Constructing Target Numbers

    Most games with skills use a Target Number or Difficulty Class, the number you have to roll equal or over to succeed.  These can be a little problematical though, since they are usually just given a general descriptor like "Easy," "Difficult," or "Hard."  Those are pretty subjective measurements.  But if a game doesn't use such broad terms then it tends to have a list of TNs/DCs for each and every skill, which is more helpfully specific, but also more work to look up and keep track of at the table (or stuff into your brain with the rest of the game world).

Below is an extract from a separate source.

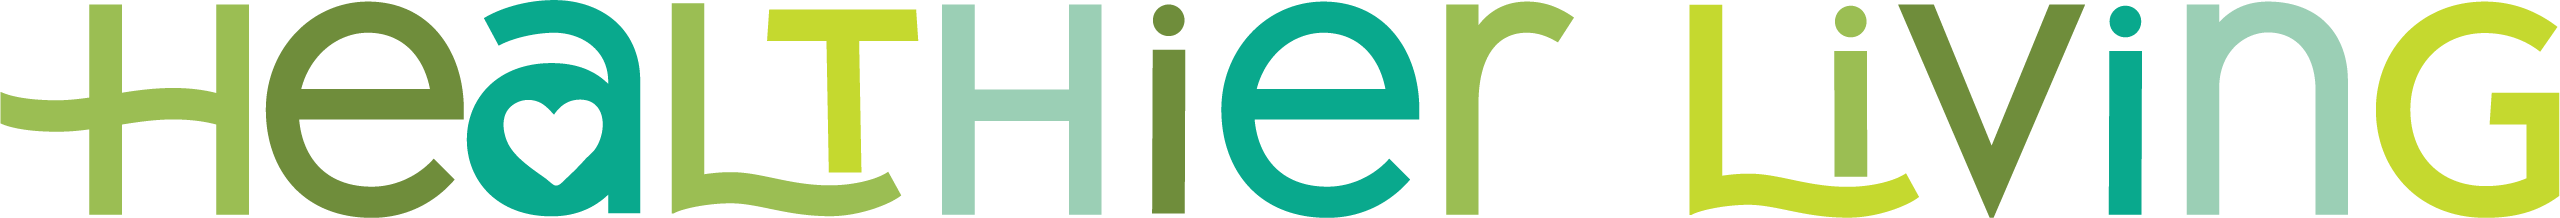 HealthierLiving.logo.h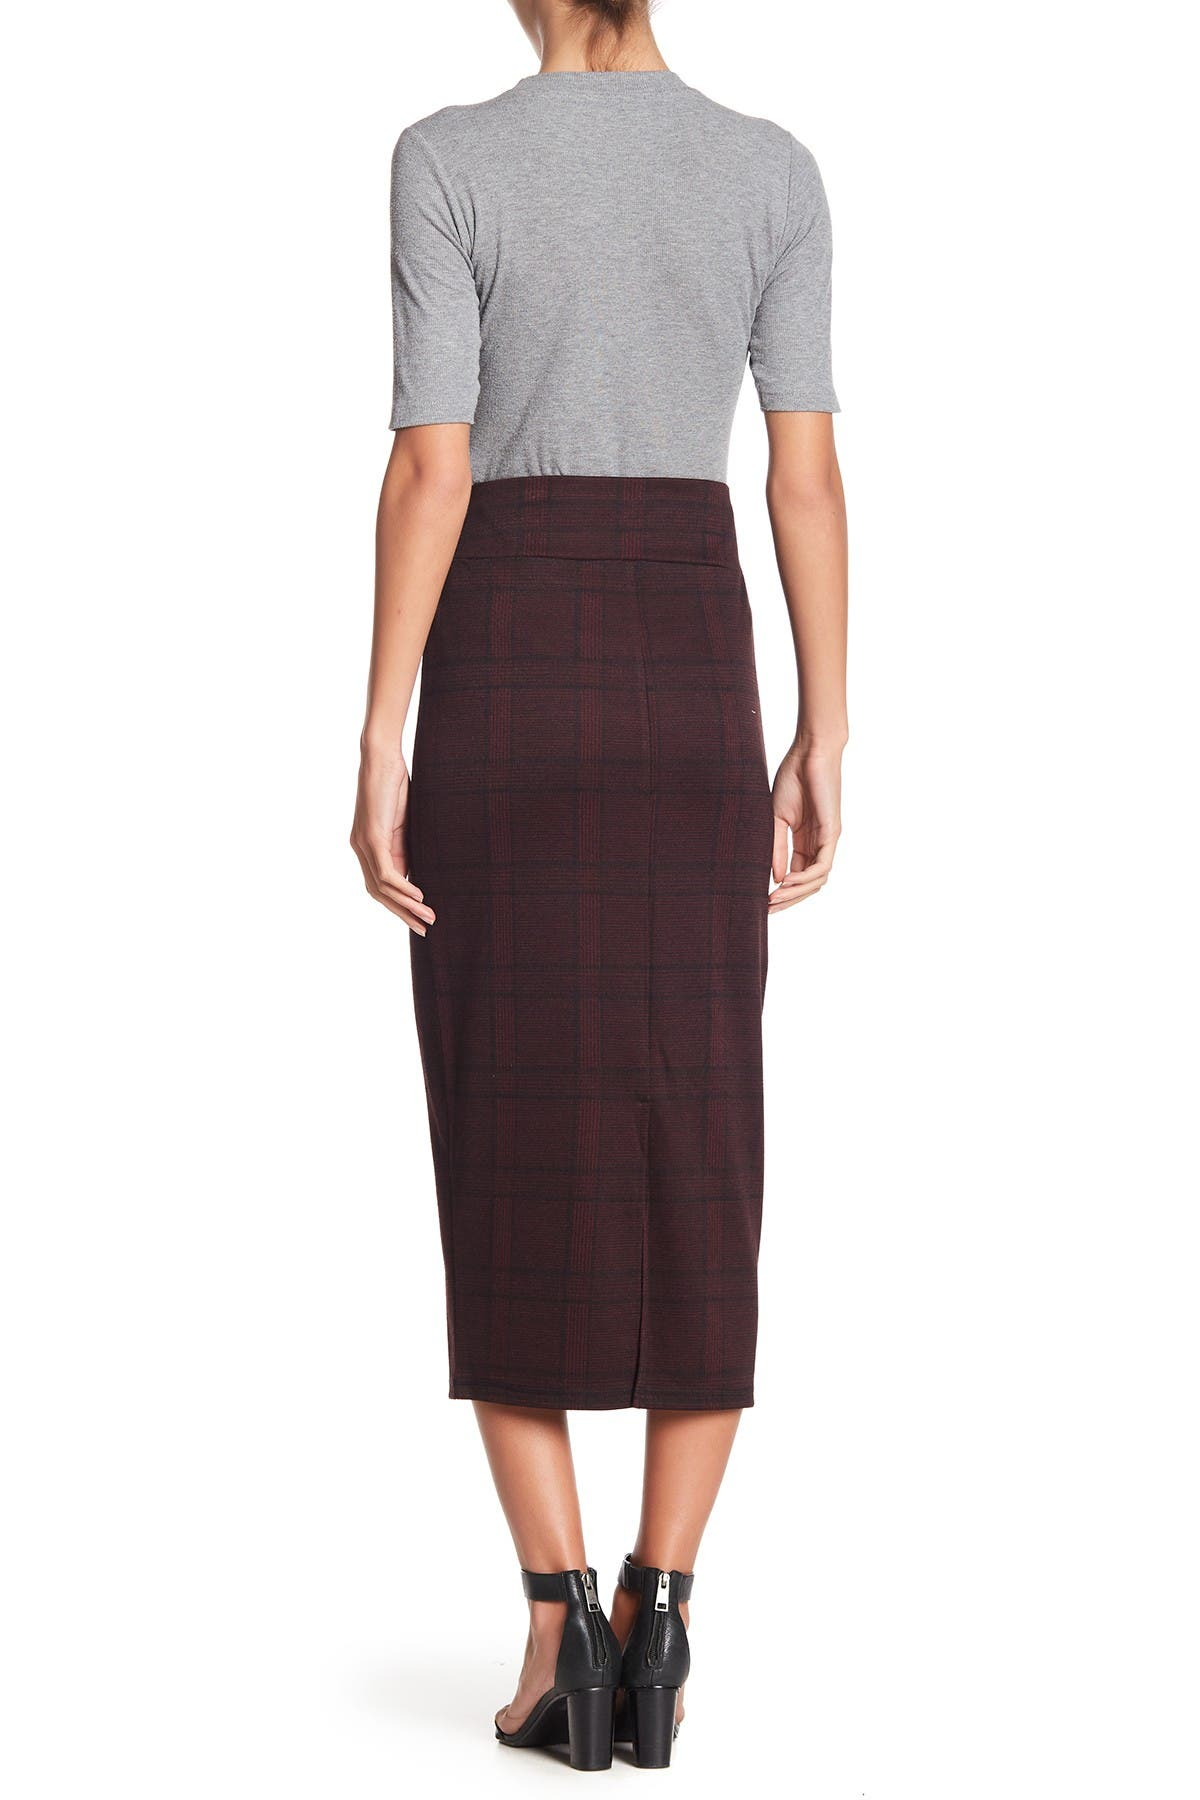 Image of 14th & Union Printed Pencil Midi Skirt

    I had an idea, what if we tried to keep the best of both with a list of general difficulty components?  These would still be flexible and open to some interpretation, but hopefully specific enough to make it east to remember and adjudicate on the fly.
    Here are some of the things that create difficulty, in my mind, and this list is in no way complete:
  • Difficult to comprehend - I think this is what most people first think of when we talk about difficulty, the idea that whatever you're doing is hard to understand all by itself.  If you think my HTML, CSS and JavaScript is hard to follow, stuff like C++ and Assembly Language is even harder.  This element is for things that are hard to do in and of themselves.  Reading is easy, it does not increase the TN/DC - but reading something in a code, or even just a specific group's jargon or accent, may qualify for this.
  • Difficult to Track -here by "track" I mean that there is a lot going on, that the action or situation is confusing in part from how many different things you have to be mindful of or react to.  Adding more and more balls you're juggling will trigger this, or fighting in a crowd or mob of people (even just the "flanking" aspect), or texting and driving (which is why you shouldn't do it).  This adds to the difficulty because you have to split your attention.
  • Outside Stress -this is kind of like "difficult to track" above, but in a more basic sense.  This adds to the difficulty because there is something related to the problem at hand but not immediately from it.  If your brother was kidnapped and you had to hack a computer for the bad guy to let your brother go, then there is a lot of background stress that is going to make the hacking more difficult.  Even something like the Super Bowl- a regular football game is a challenge, but when it's the last game, the biggest crowd and the best opponents; that makes it even harder.
  • Hazard/ Cost of Failure -this increases the difficulty because you know something bad is going to happen to you if you fail.  Walking a tightrope 2 feet above the ground is not as difficult as one 200 feet above the ground - the actions may be the same, but the fear factor makes them noticeably different.
  • Incomplete (knowledge, tools, whatever) -here the difficulty comes from the fact that you're missing something important.  It could be physical by not having the right tools, or mental by not having the right understanding or information.
  • Unfamiliar/ Unusual/ Uncommon -lastly (for this example) is the difficulty of the unknown.  You may be the best mechanic on Earth, but you're going to have a hard time fixing that alien spaceship.  Even something more subtle like a foreign fighting style, or a culture you have not been exposed to, can increase the difficulty of an action.

    This is relative, so each of these can change based on the character.  One character may be from the city, so milking a cow is "Unfamiliar" to him, another might have grown up on a farm, and so wouldn't have that penalty.  Likewise at a lower level some actions might be "Difficult to comprehend" but would lose that and become commonplace at higher levels.  There is some wiggle room here in determining if each element should apply, it is not a simple one-size-fits-all list.  And, the idea is that it should be explained to the players/ reasoned out, so I would walk the PC through how the TN/DC was created just before they roll (before they are committed to the action if I wanted to be nice, after they were committed to watch the dread as each difficulty increasing element was revealed if I wanted to be mean :).  I think most players would like knowing that know that the difficulty was logically constructed.  And, possibly, they might be able to find a way to negate or remove some of those difficulties once they have them laid out to clearly see.
    Mechanically this is easy, but varies by game.  Basically, each element is worth so many points to the target number total.  The 5e SRD goes by 5s, so each one of these would be worth 5 points to the final TN/DC total.  A game with tighter math, like Fate, might use 1 point per item.  And of course a larger percentile-based system would want 10 or even 15 percent for each.  The goal is to make each item worth the same increase in difficulty so it's easy to remember and create at the table.